## [Work to be completed]
Transcribe the listing below exactly, without pictures.

## [Dataset section]
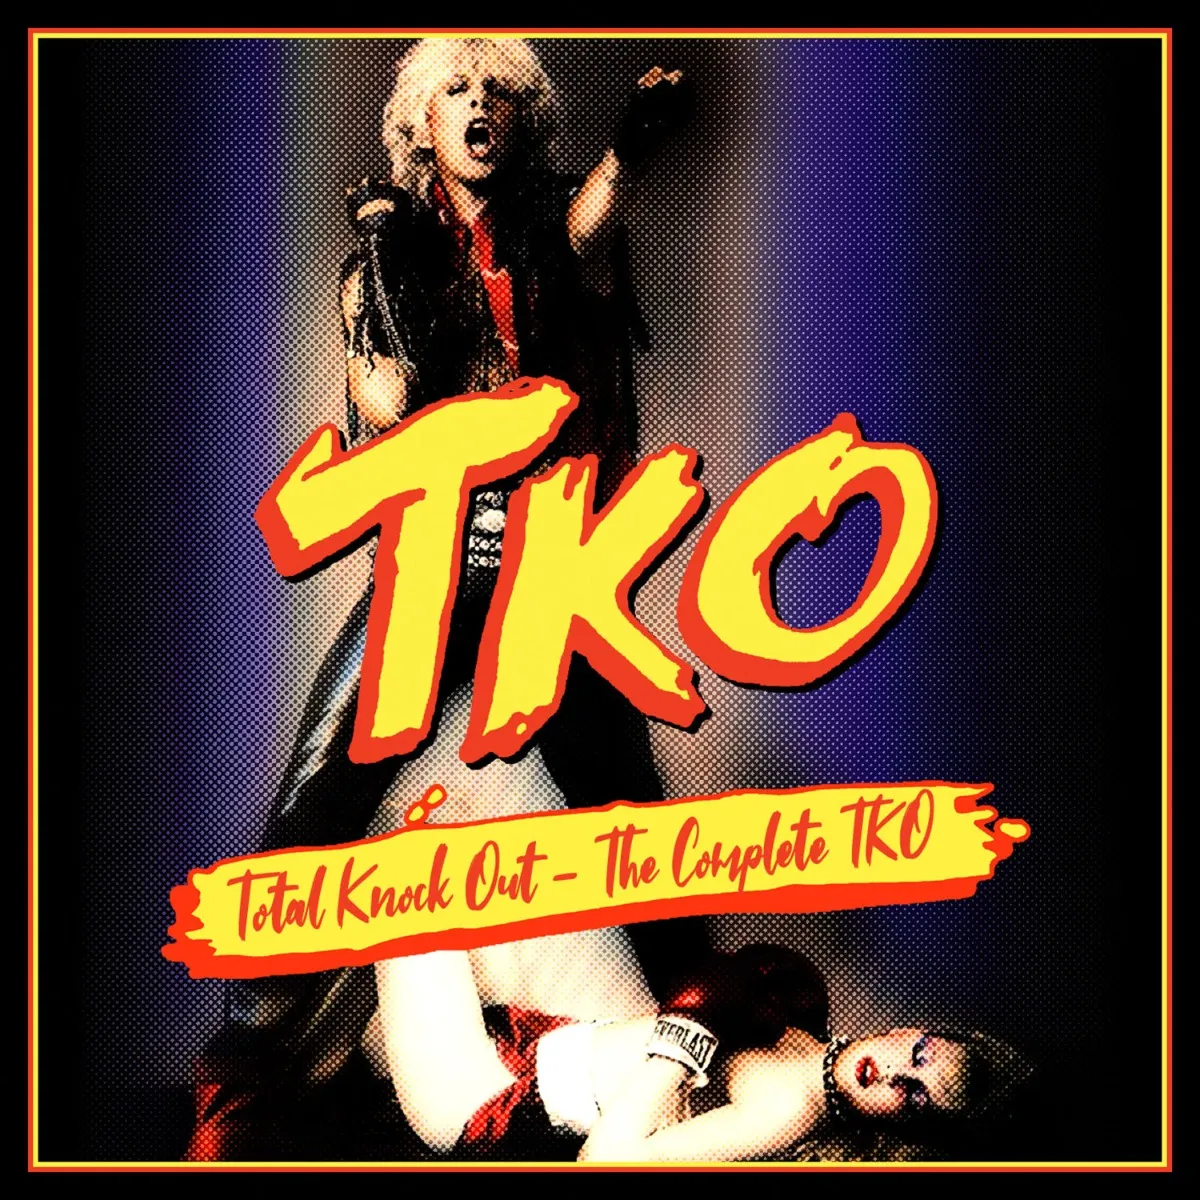 TKO (from US) / TOTAL KNOCK OUT - THE COMPLETE TKO 5CD CLAMSHELL BOX
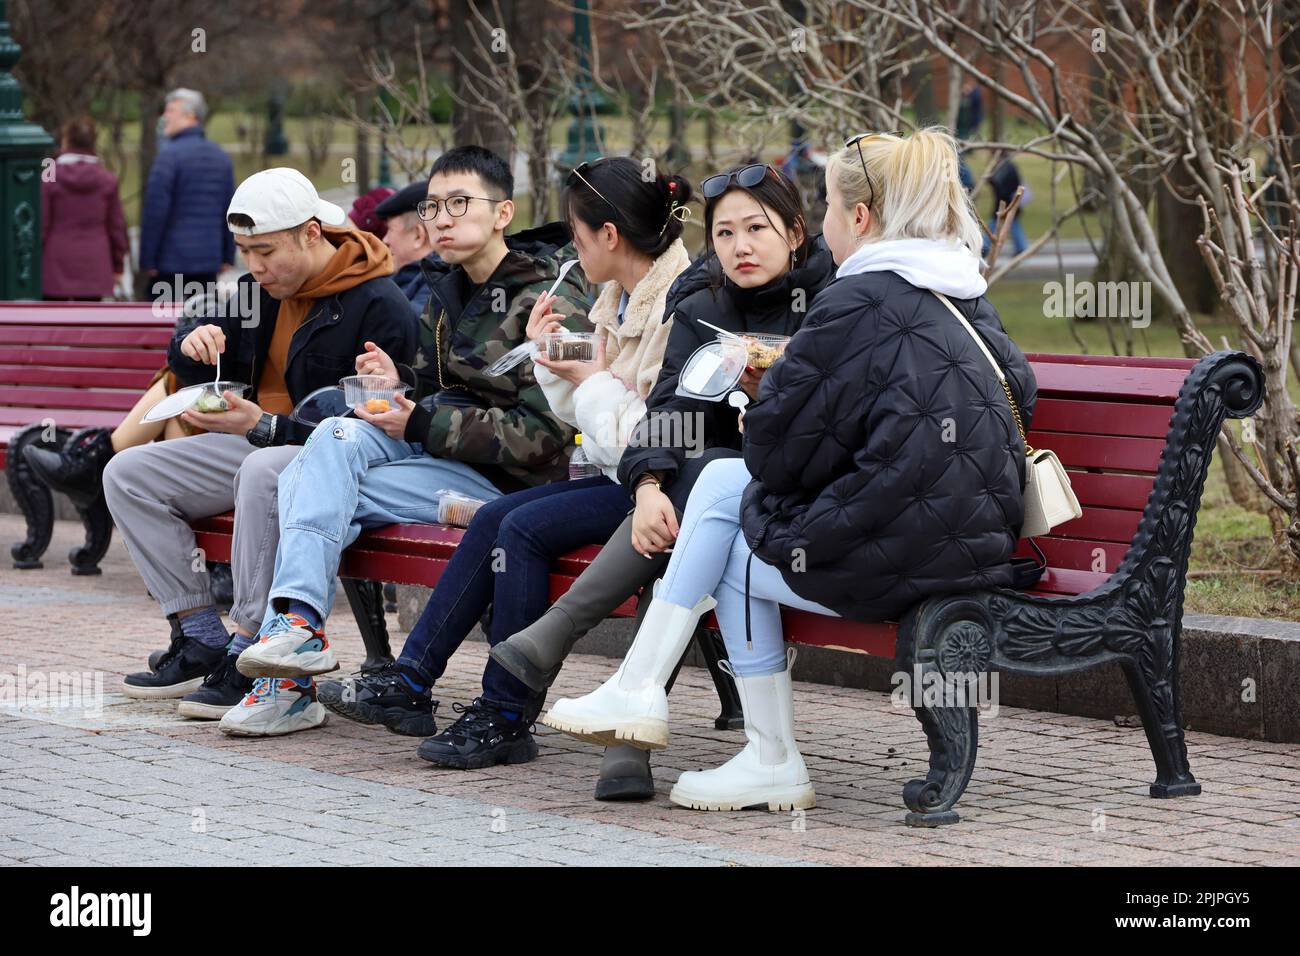 Asian girls and guys eat street food sitting on the bench in spring park. Tourists in Russia Stock Photo
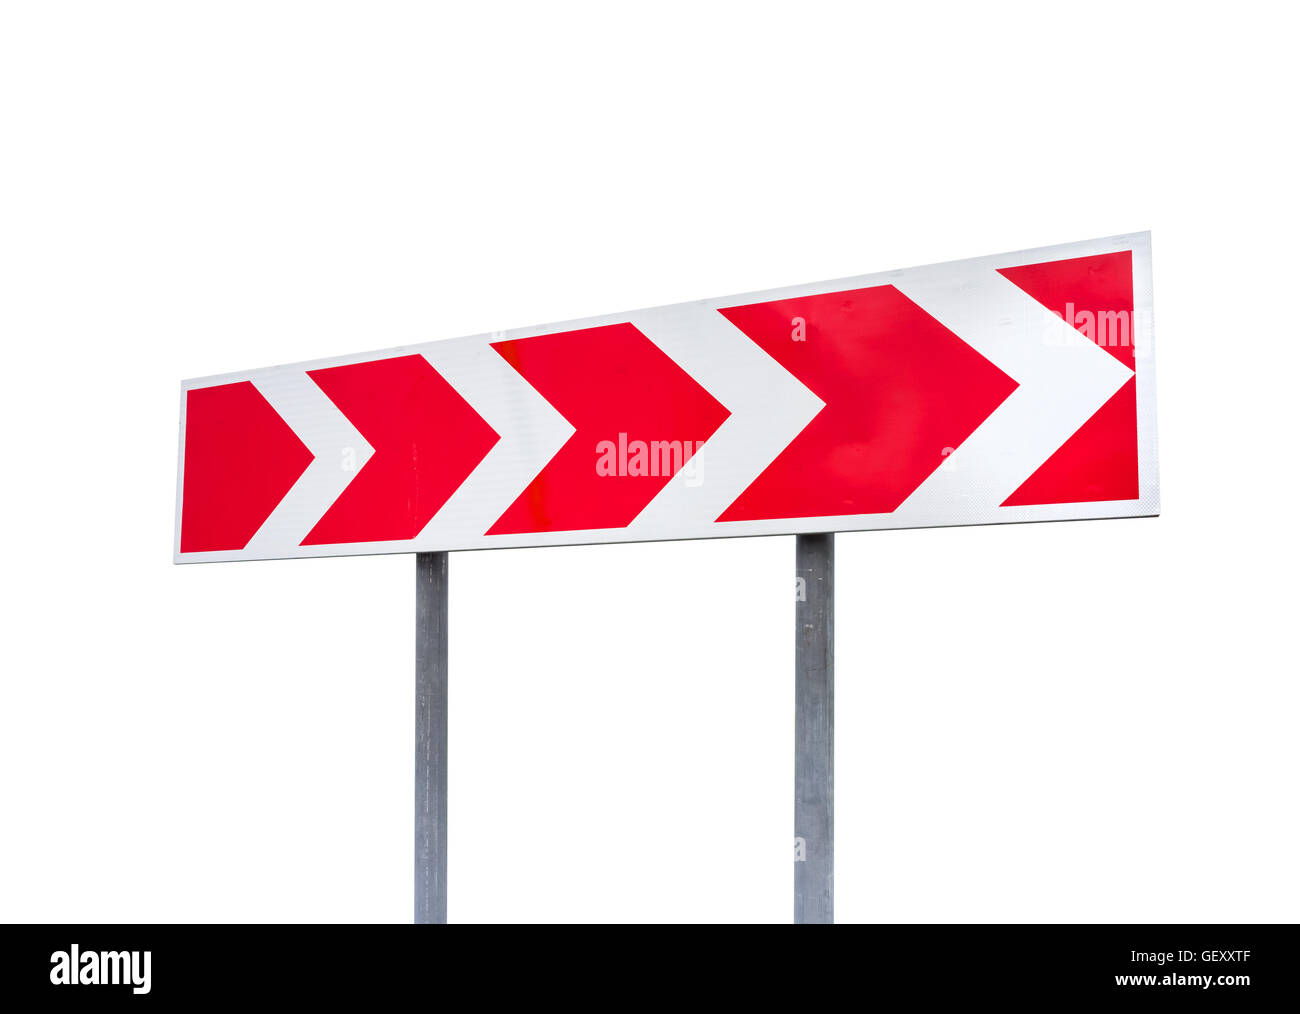 Dangerous turn. Red and white stripped arrow. Road sign isolated on white background with perspective effect Stock Photo
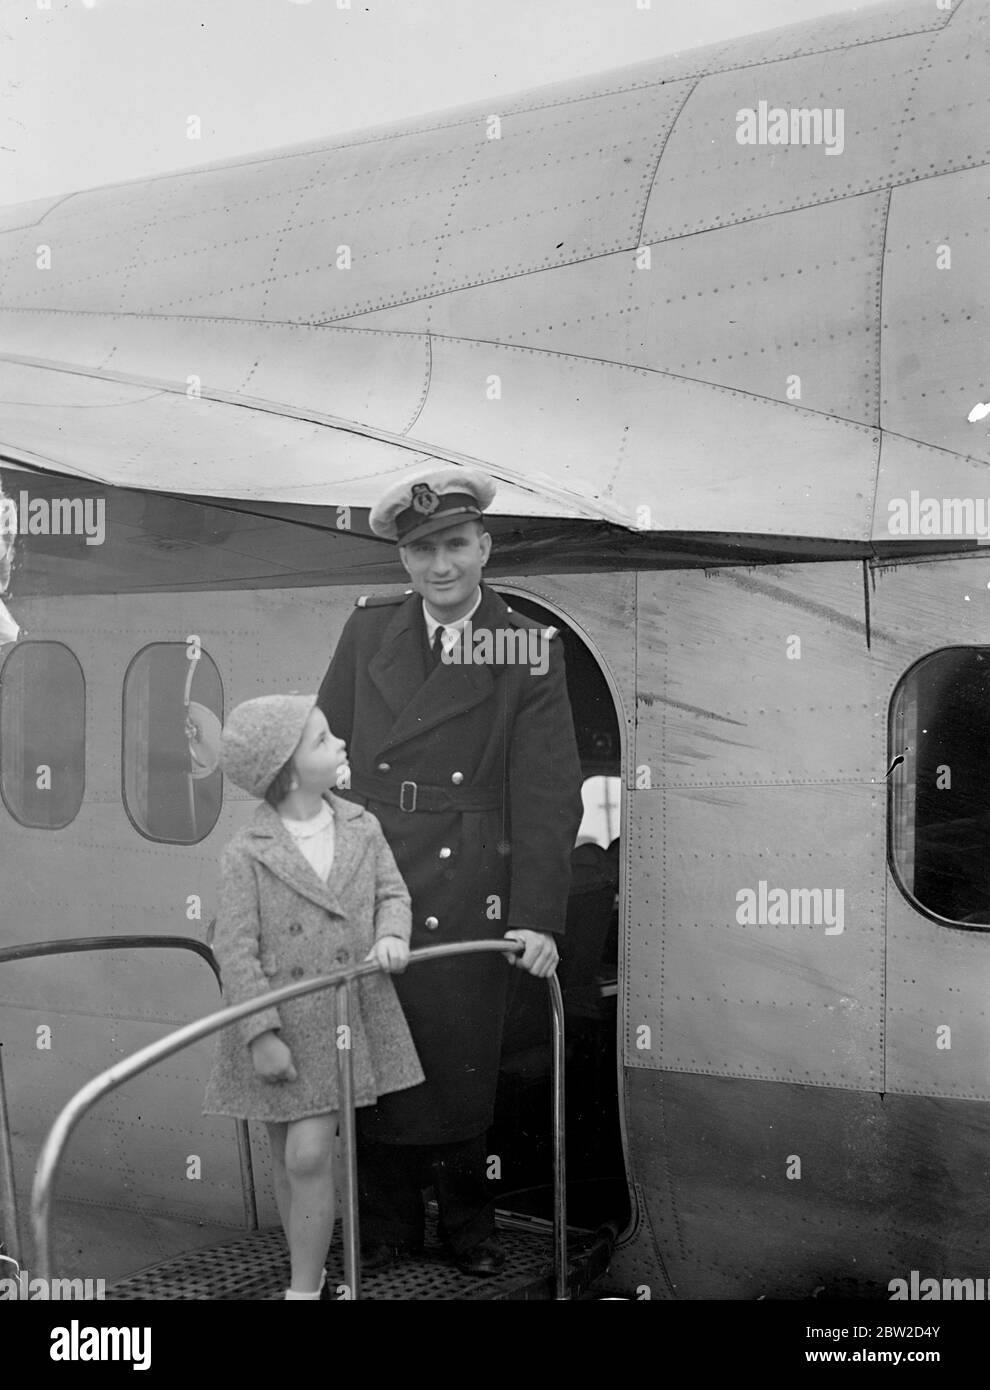 Sylvia Heyder who is only 7 1/2 years old arrived at Southampton in the Imperial Airways flying - boat Carpentaria from Lorenco Marques, Portuguese East Africa, to stay with her grandmother in Liverpool. Sylvia was accompanied by her parents. Photo shows Sylvia Heyder leaving the flying boat at Southampton. 23 June 1939 Stock Photo

## [Written solution]
 TKO (from US) / TOTAL KNOCK OUT - THE COMPLETE TKO 5CD CLAMSHELL BOX
 Asian girls and guys eat street food sitting on the bench in spring park. Tourists in Russia Stock Photo
 Dangerous turn. Red and white stripped arrow. Road sign isolated on white background with perspective effect Stock Photo
 Sylvia Heyder who is only 7 1/2 years old arrived at Southampton in the Imperial Airways flying - boat Carpentaria from Lorenco Marques, Portuguese East Africa, to stay with her grandmother in Liverpool. Sylvia was accompanied by her parents. Photo shows Sylvia Heyder leaving the flying boat at Southampton. 23 June 1939 Stock Photo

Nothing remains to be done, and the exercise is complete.